↓↓↓

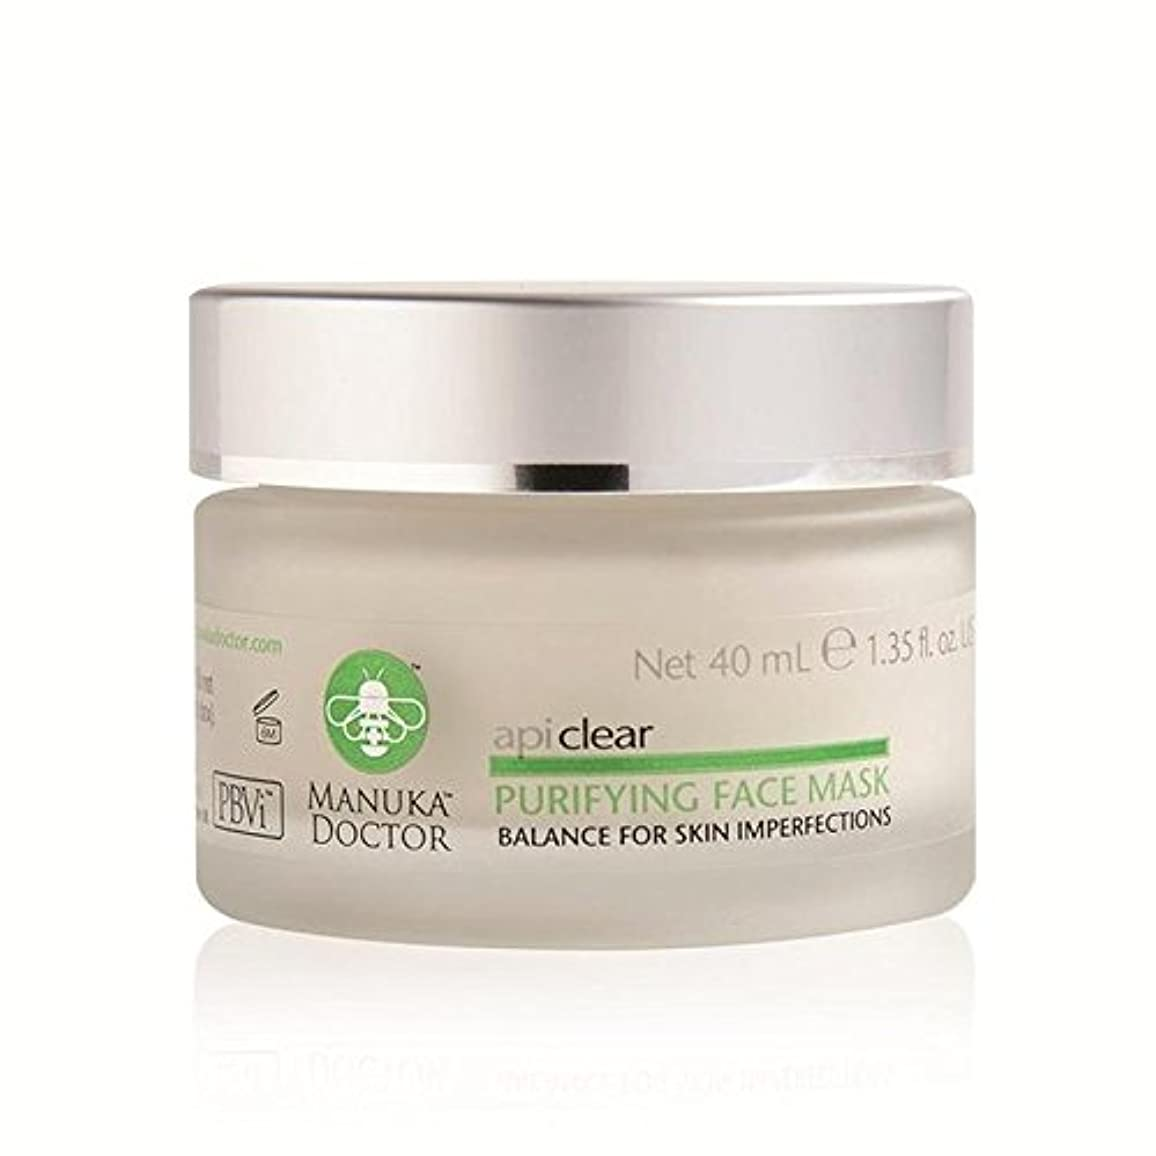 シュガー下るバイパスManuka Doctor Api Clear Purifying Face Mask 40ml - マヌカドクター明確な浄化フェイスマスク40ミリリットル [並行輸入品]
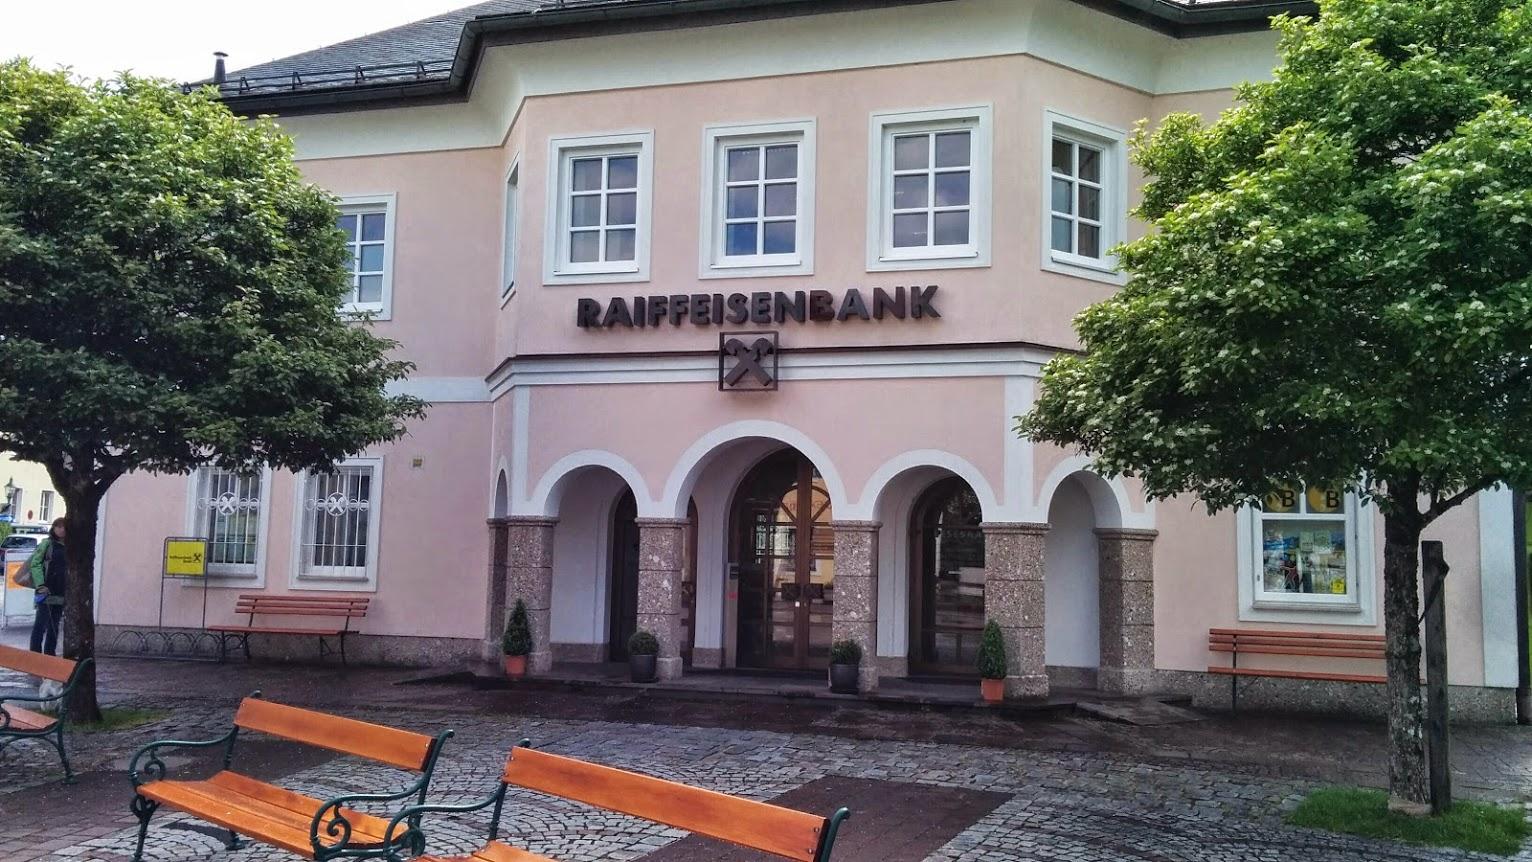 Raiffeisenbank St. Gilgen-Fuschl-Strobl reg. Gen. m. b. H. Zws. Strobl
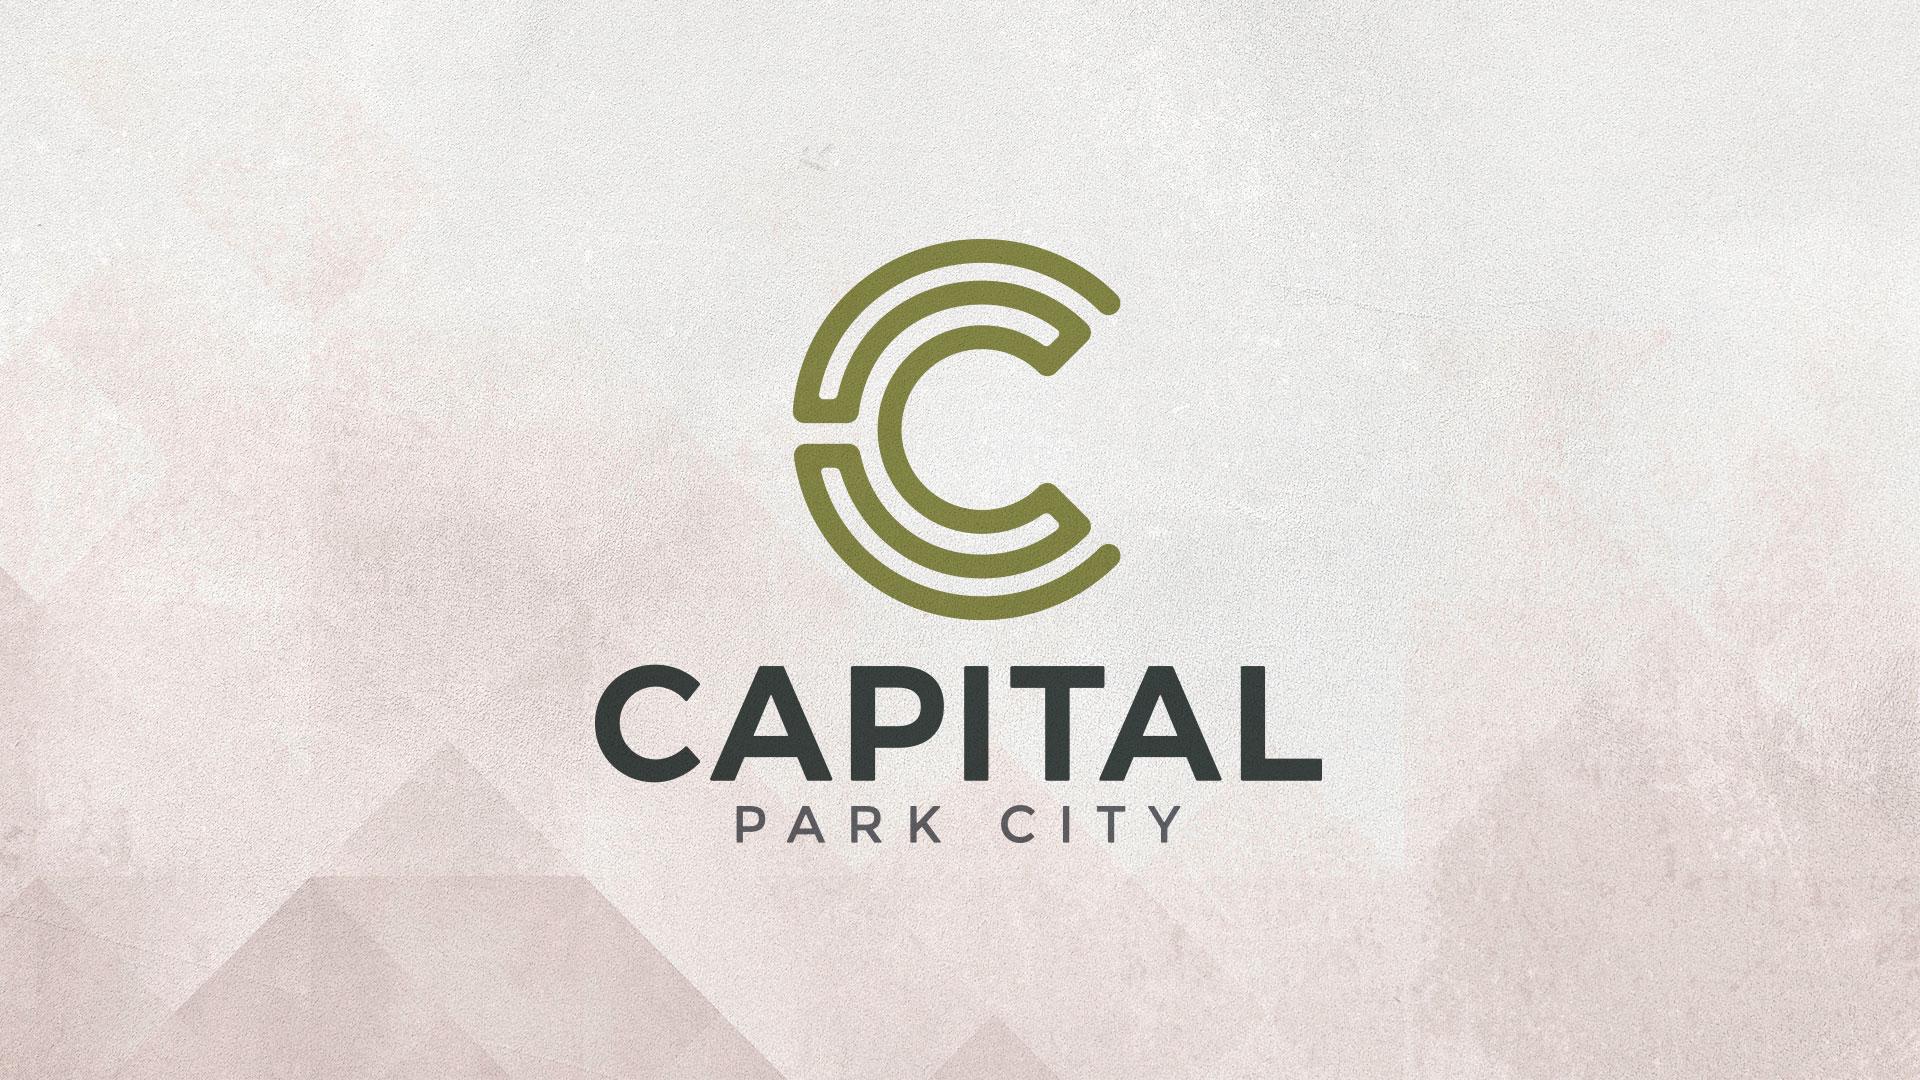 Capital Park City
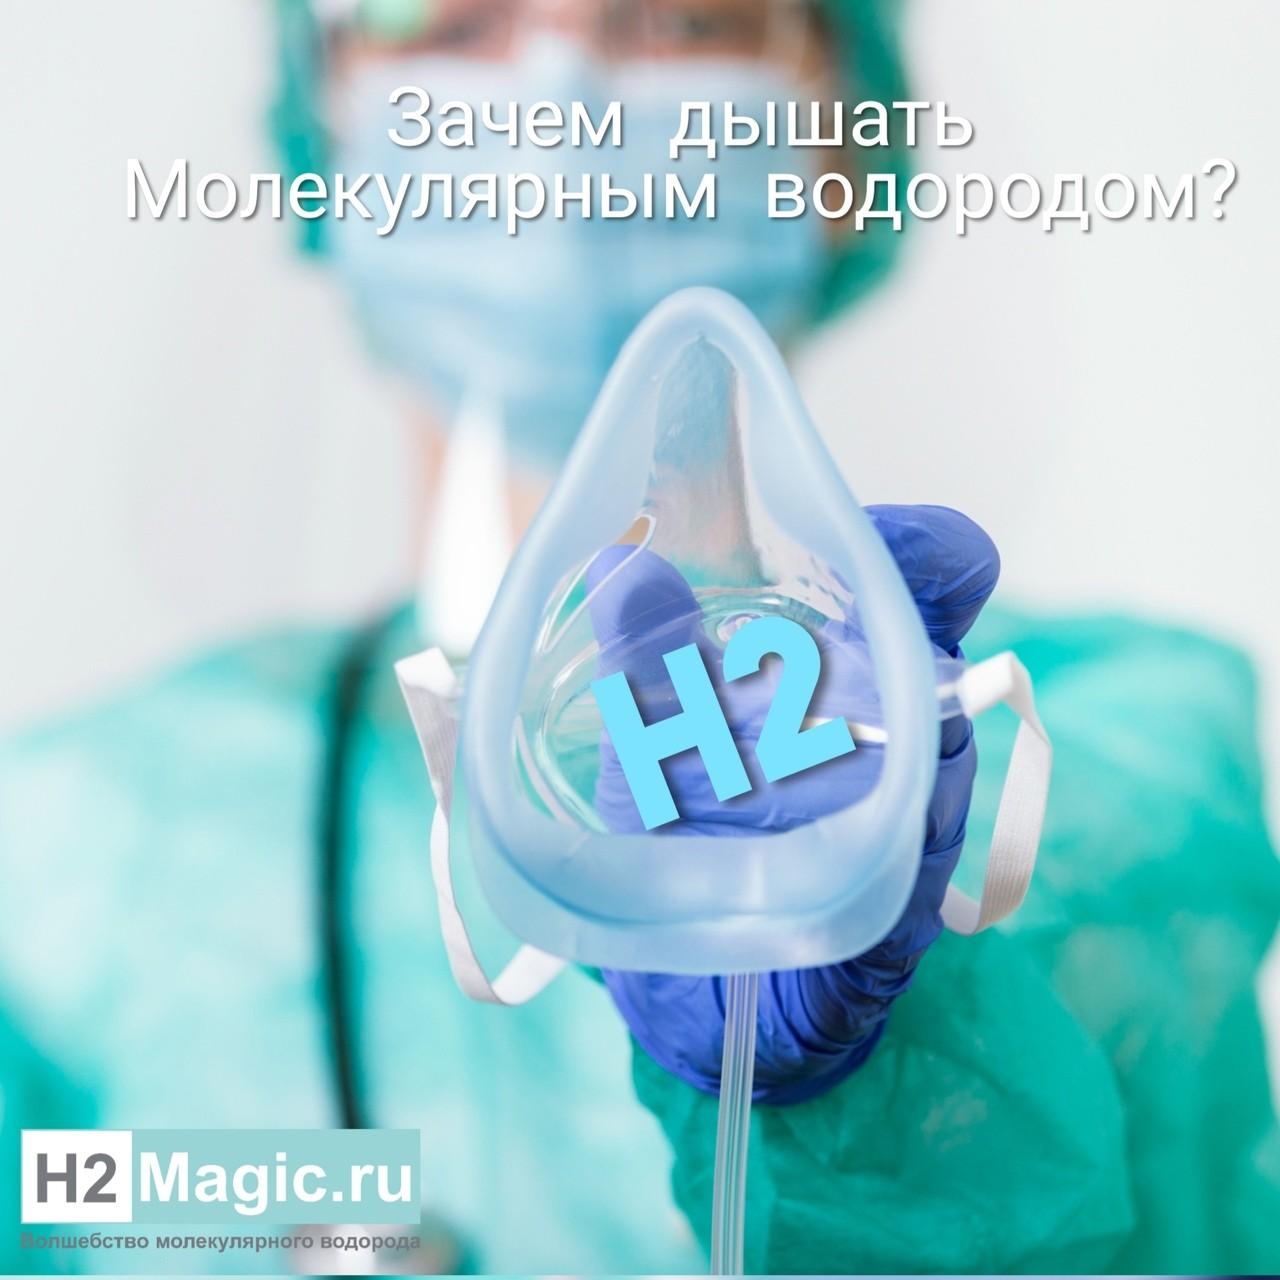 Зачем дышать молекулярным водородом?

↑↑↑

Extract, word for word, each line from the one that contains "Raiffeisenbank St. Gilgen-Fuschl-Strobl" through the final line of the data above. Leave the pictures out.

**EXPECTED ANSWER**:
 Raiffeisenbank St. Gilgen-Fuschl-Strobl reg. Gen. m. b. H. Zws. Strobl
 Capital Park City
 Зачем дышать молекулярным водородом?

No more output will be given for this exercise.